Preferably, the filter circuit is a low-pass filter circuit.

As shown in fig. 2, the dual-channel operational amplifier includes a chip IC1, a chip U4, a capacitor C35, a capacitor C36, a capacitor C37, a capacitor C38, a resistor R35, a resistor R39, a resistor R40, a resistor R41, a resistor R42, a resistor R47, a resistor R48, a resistor R51, and a resistor R52.

The port 1 of the chip IC1 outputs a first comparison result, the port 7 outputs a second comparison result, the port 2 is connected to a first reference voltage signal, the port 5 is connected to a second reference voltage signal, the port 8 is connected to a third reference voltage signal, the port 3 is connected to a first real-time voltage signal through a resistor R55, the port 6 is connected to a second real-time voltage signal, and the port 4 is grounded.

Port 8 of chip IC1 is also electrically connected to port 3 of chip U4.

The port 2 of the chip U4 is grounded, the port 1 is grounded through a resistor R52, the port 1 is electrically connected with the port 3 of the chip U4 through a resistor R51, and the port 3 is connected with a 5V power supply through a resistor R41.

The port 3 of the chip U4 is also grounded through a capacitor C35, and the port 3 is grounded through a resistor R39, a resistor R47, and a resistor R40 in this order. One end of the capacitor C36 is grounded, and the other end is electrically connected to port 3 of the chip U4.

One end of the resistor R35 is connected between the resistor R39 and the port 3 of the chip U4, and the other end is grounded through the resistor R48 and the resistor R42 in sequence.

One ends of the capacitor C37 and the capacitor C38 are grounded, and the other ends of the capacitor C37 and the capacitor C38 are connected between the resistor R39 and the resistor R47.

A second reference voltage signal is connected between the resistor R35 and the resistor R48; the capacitor C38 receives the third reference voltage signal.

More specifically, the low-pass filter circuit is an RC low-pass filter circuit, and includes a resistor R16 and a capacitor C53; one end of the resistor R16 is electrically connected to the port 3 of the chip IC1 through the resistor R55, and the other end is electrically connected to the port 6 of the chip IC 1.

One end of the capacitor C53 is grounded, and the other end is connected between the resistor R16 and the port 6 of the chip IC 1.

The first real-time voltage signal input from the port 3 of the chip IC1 is filtered by the resistor R16 and the capacitor C53 to form a second real-time voltage signal and input to the port 6 of the chip IC 1.

Preferably, the output control circuit includes an and circuit for outputting a logic high level/low level to drive the subsequent stage circuit.
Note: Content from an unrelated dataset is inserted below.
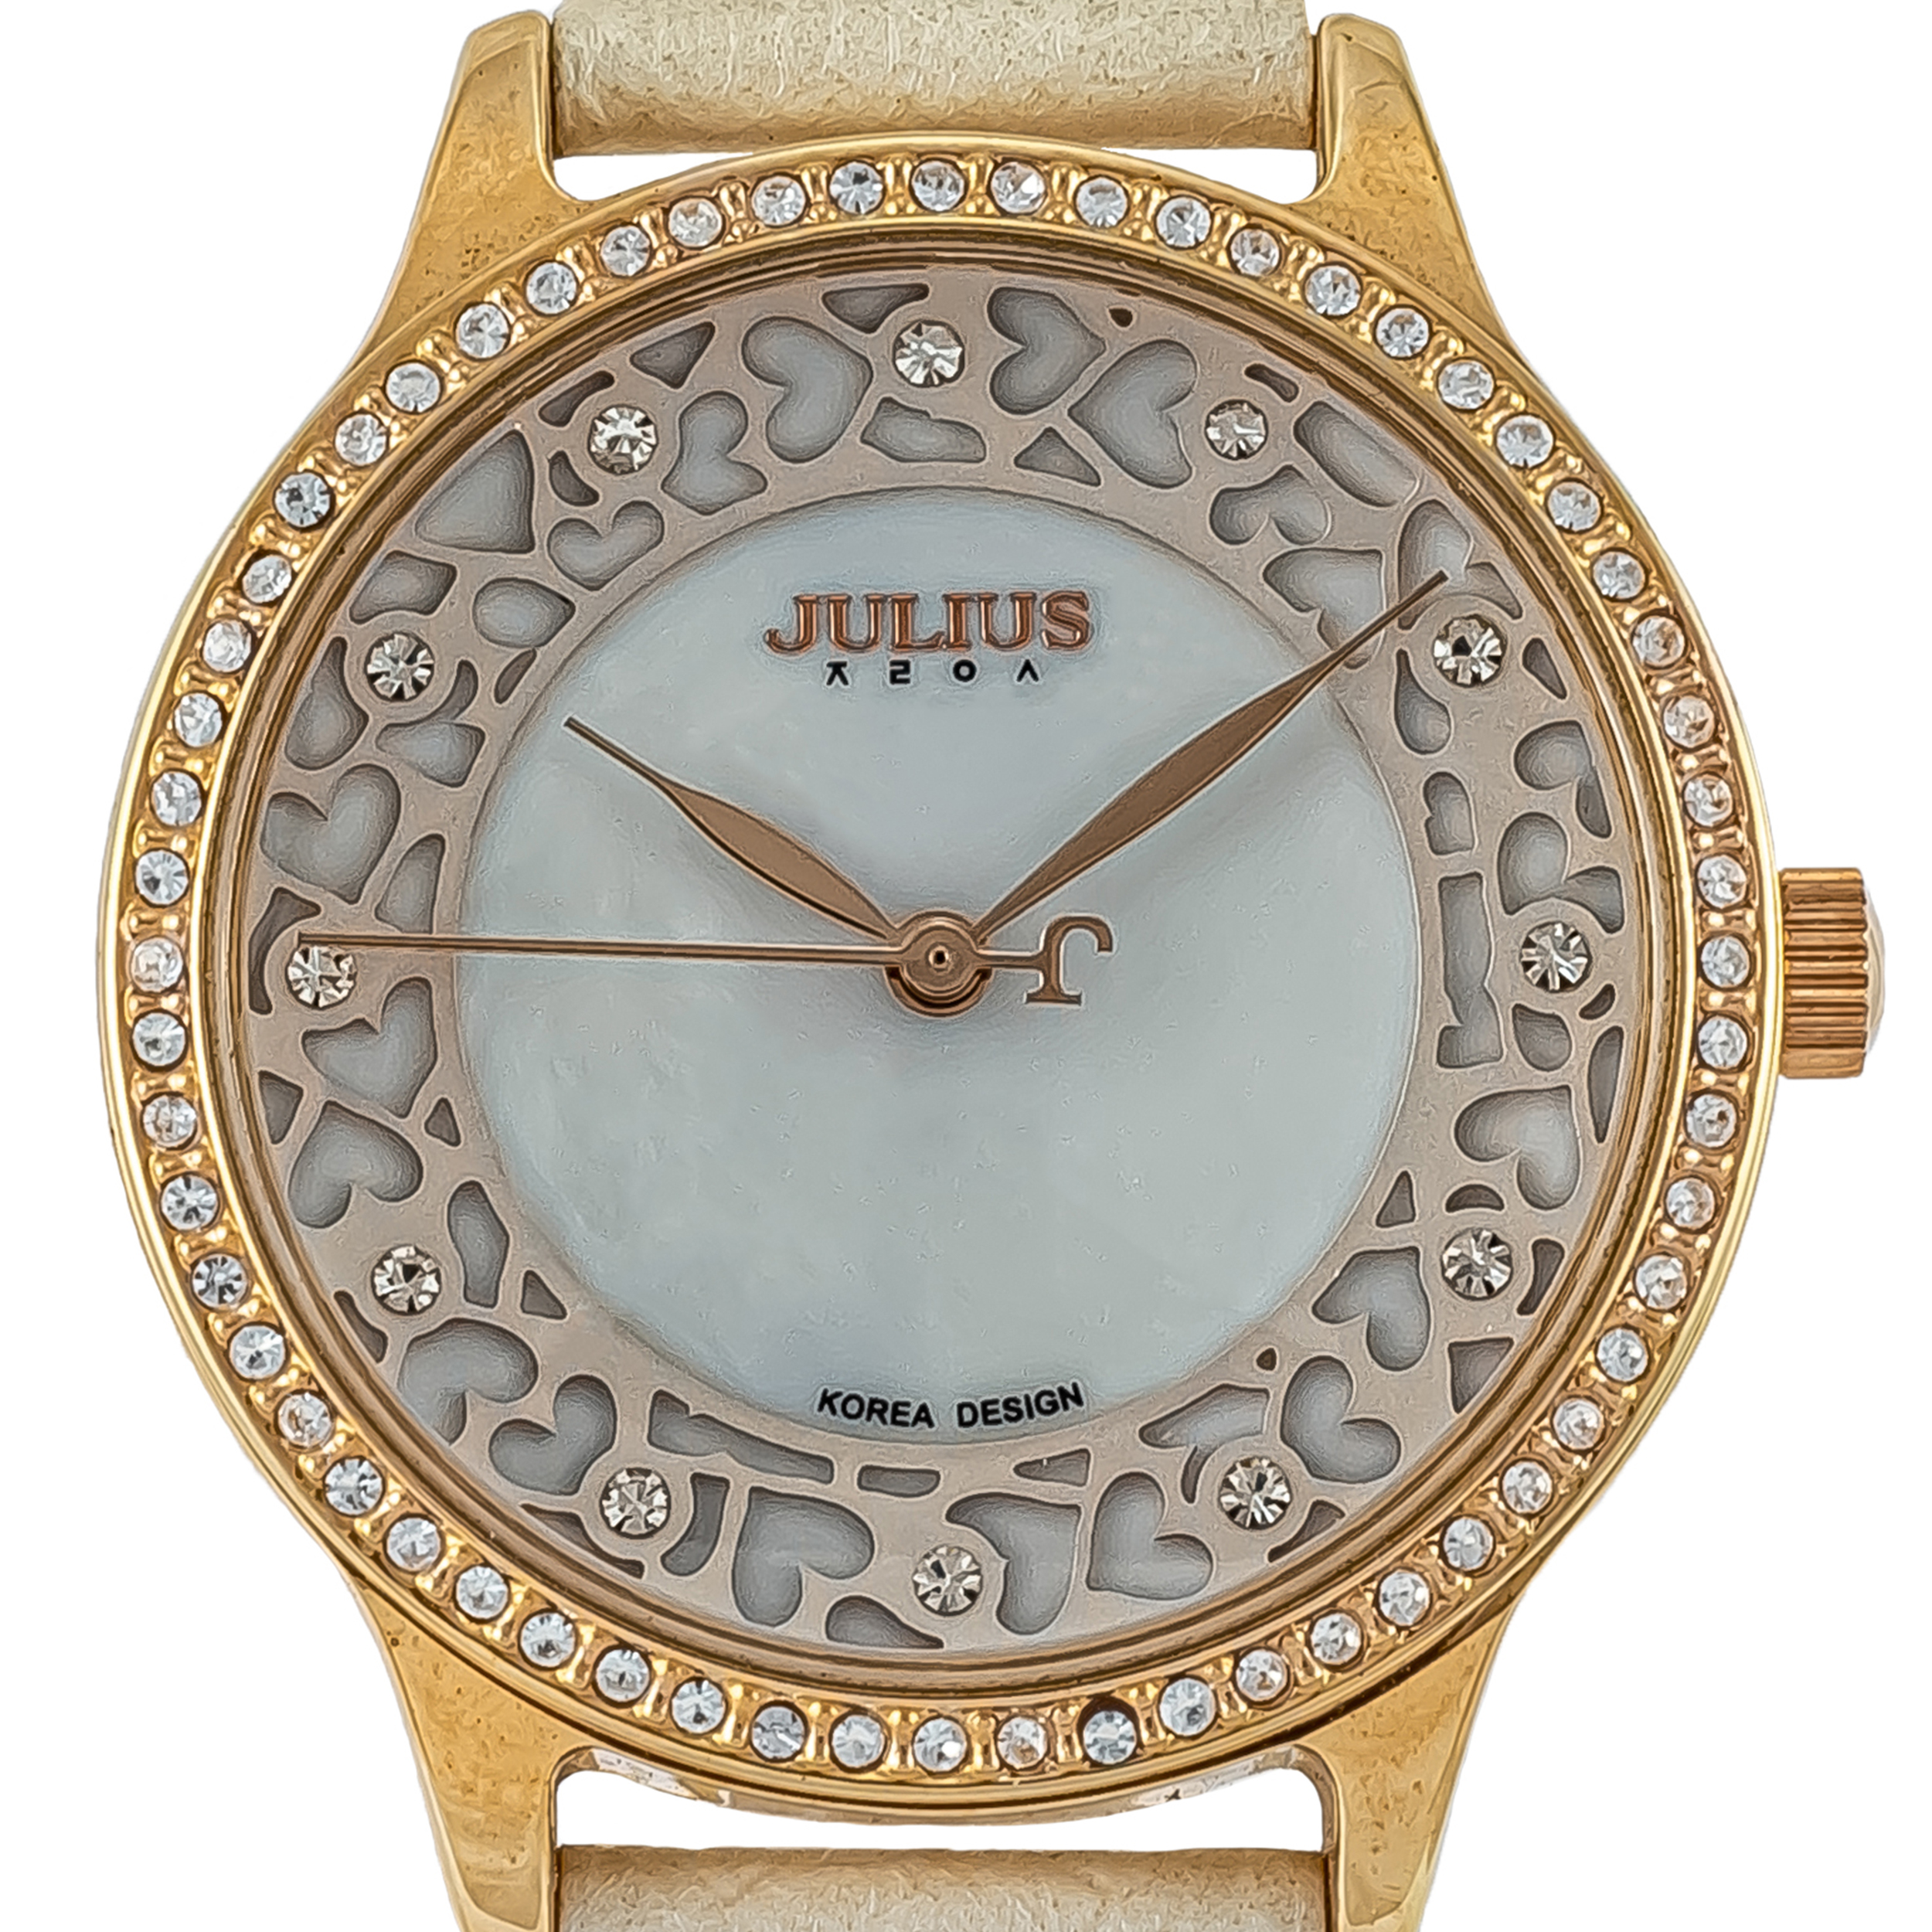 ساعت مچی عقربه ای زنانه جولیوس مدل JA852              ارزان
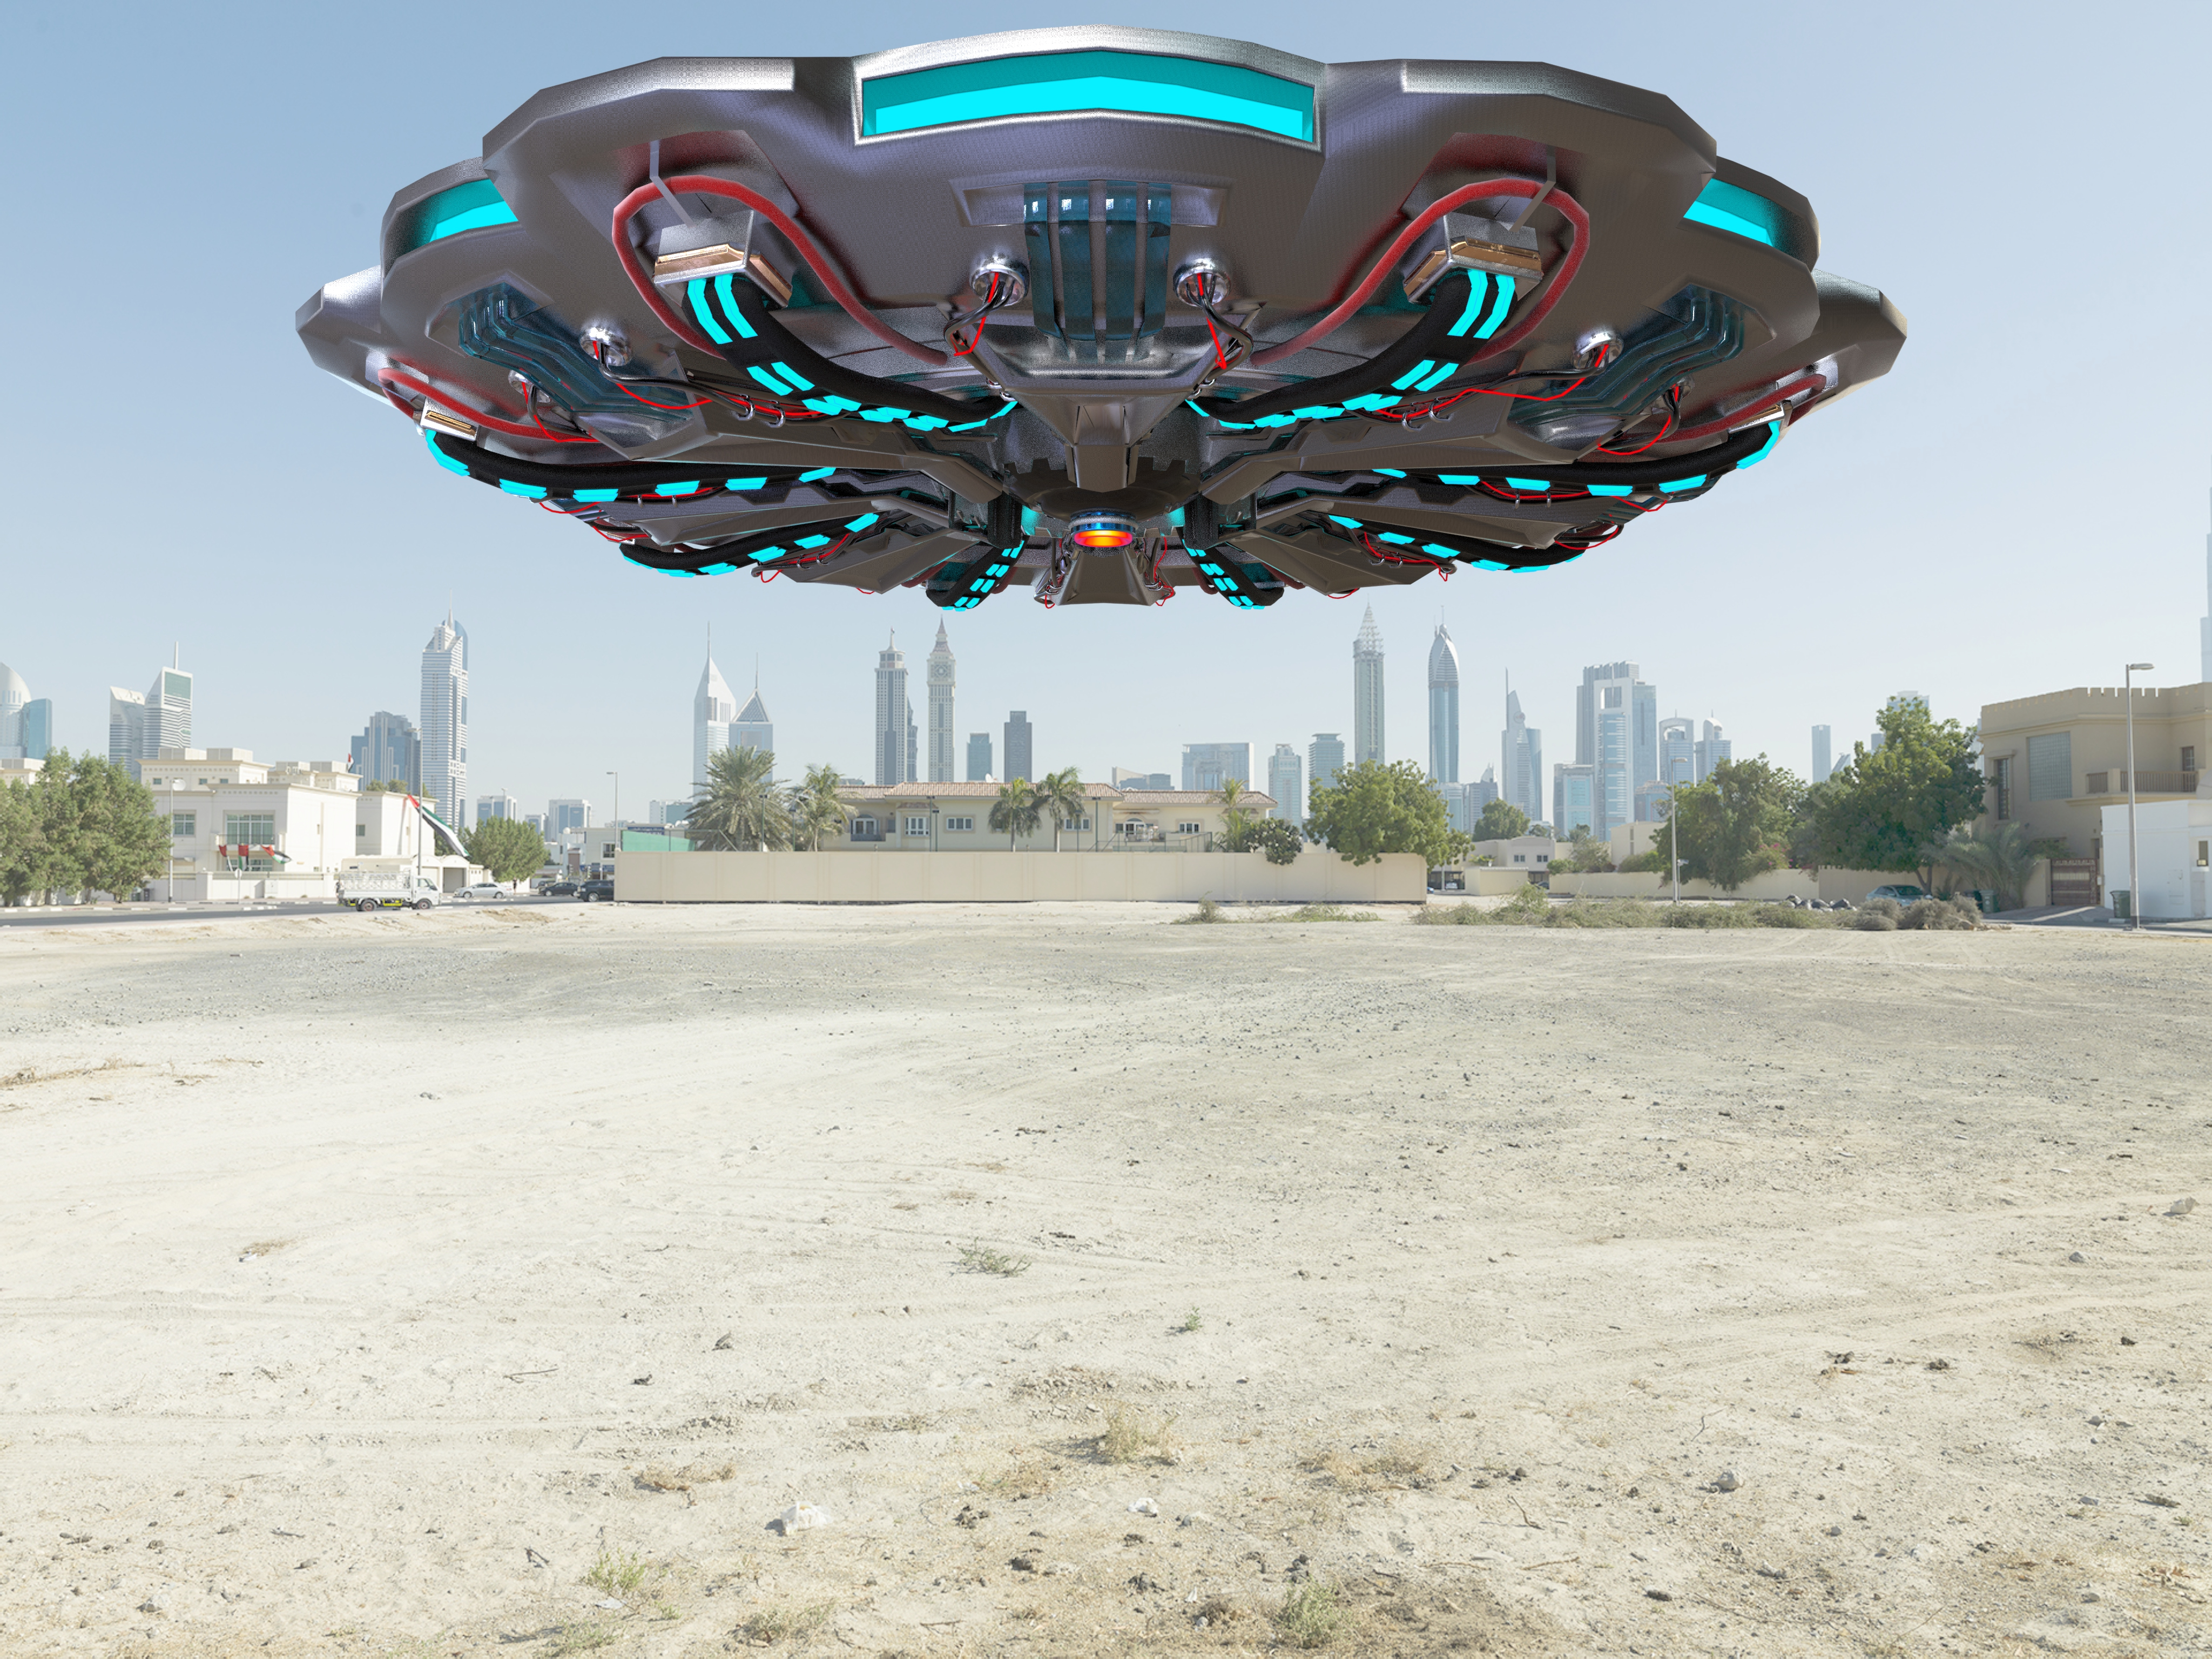 科幻飞碟渲染模型

Specifically, as shown in fig. 3, the output control circuit includes a resistor R30, a resistor R33, a resistor R14, a transistor Q5, and a transistor Q6.

One end of the resistor R33 is electrically connected to the port 1 of the chip IC1, and the other end is electrically connected to the base of the transistor Q6.

The emitter of the triode Q6 is grounded, and the collector of the triode Q6 is electrically connected with the base of the triode Q5 through the resistor R27; one end of the resistor R14 is grounded, and the other end is connected between the resistor R33 and the base of the triode Q6.

The emitter of the transistor Q5 is electrically connected to the port 7 of the chip IC1, and the collector is electrically connected to the post-stage circuit of the device.

One end of the resistor R30 is electrically connected with the emitter of the triode Q5, and the other end is connected between the resistor R27 and the base of the triode Q5.

That is, the on and off of the transistor Q5 and the transistor Q6 are controlled by the first comparison result output from the port 1 and the second comparison result output from the port 7 of the chip IC1, so as to control whether the output control circuit outputs a high level or a low level.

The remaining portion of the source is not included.